The 2006 Copa Sudamericana finals was a two-legged football contest, played in November and December 2006, to determine the champion of the 2006 Copa Sudamericana. The teams taking part were Chilean side Colo-Colo, and Mexican side Pachuca. The first leg, played in Pachuca, resulted in a 1–1 draw. The second leg, in Santiago, was won 2–1 by Pachuca, making them the cup winners for that year.
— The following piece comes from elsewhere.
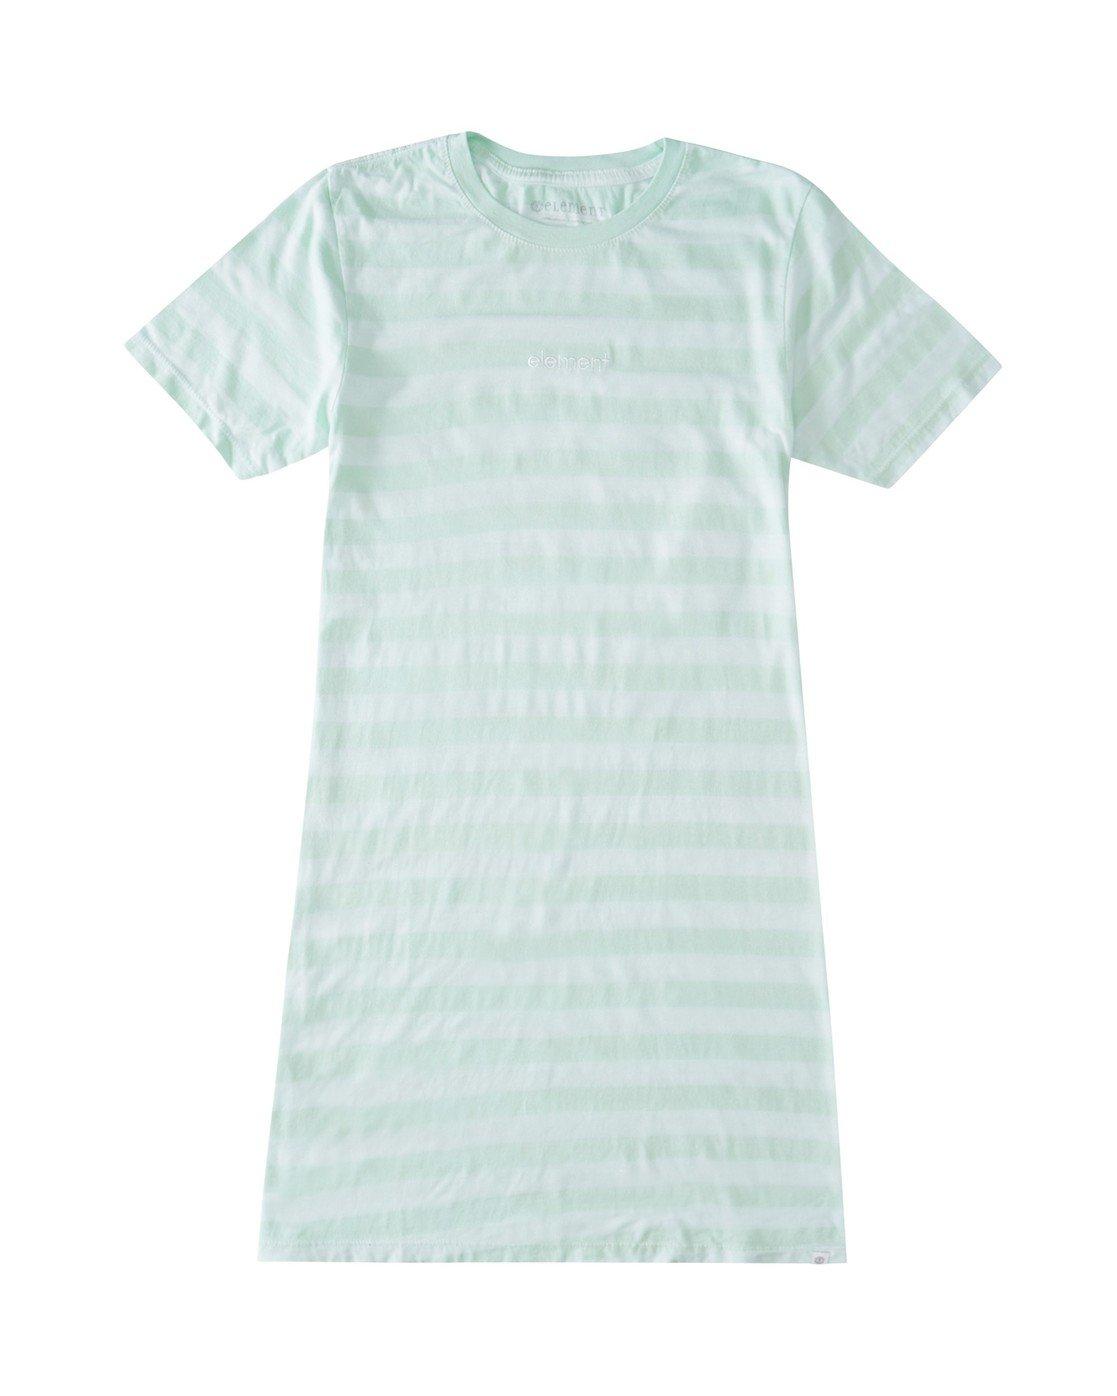 0 Mojo T-Shirt Dress Green JD432EMO Element
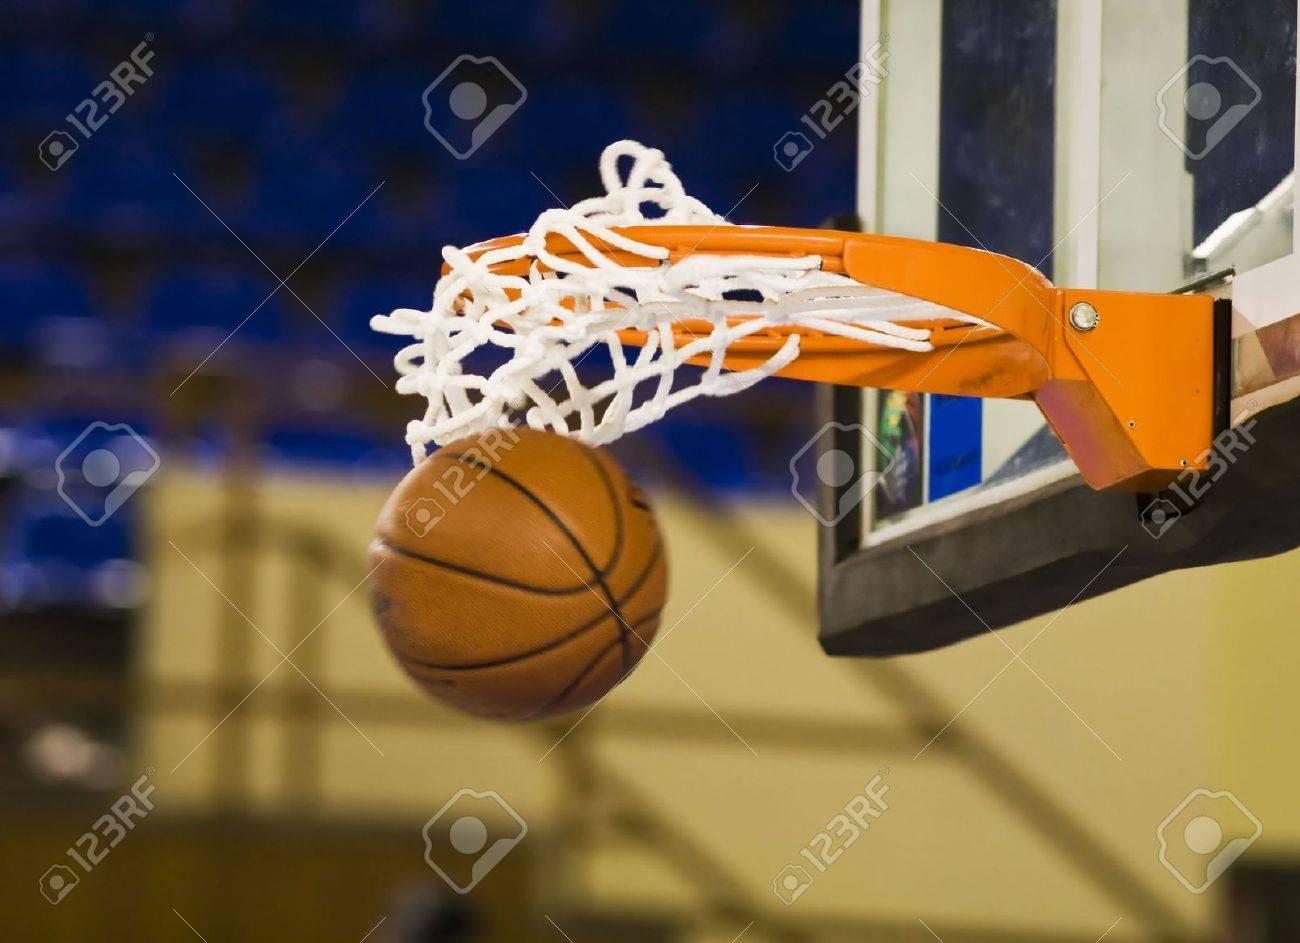 Ball in hoop - 3637884

Despite being from Mexico –which is a member nation of CONCACAF and not CONMEBOL– Pachuca were eligible to compete in this tournament after winning the 2006 Mexican Primera División, earning them an invite from CONMEBOL and receiving an automatic berth directly to the knockout stages. Pachuca's victory in the final marked the first time in history that a representative of CONCACAF won a CONMEBOL-sanctioned tournament.

==Qualified teams==

| Team | Previous finals app. |
|---|---|
| Colo-Colo | None |
| Pachuca | None |

For the second time, a Mexican team, and the first time Pachuca qualified for the final. This was also the first time Colo-Colo qualified for the final. This marked the first time both teams faced each other since CONCACAF representatives started participating in the tournament since 2005.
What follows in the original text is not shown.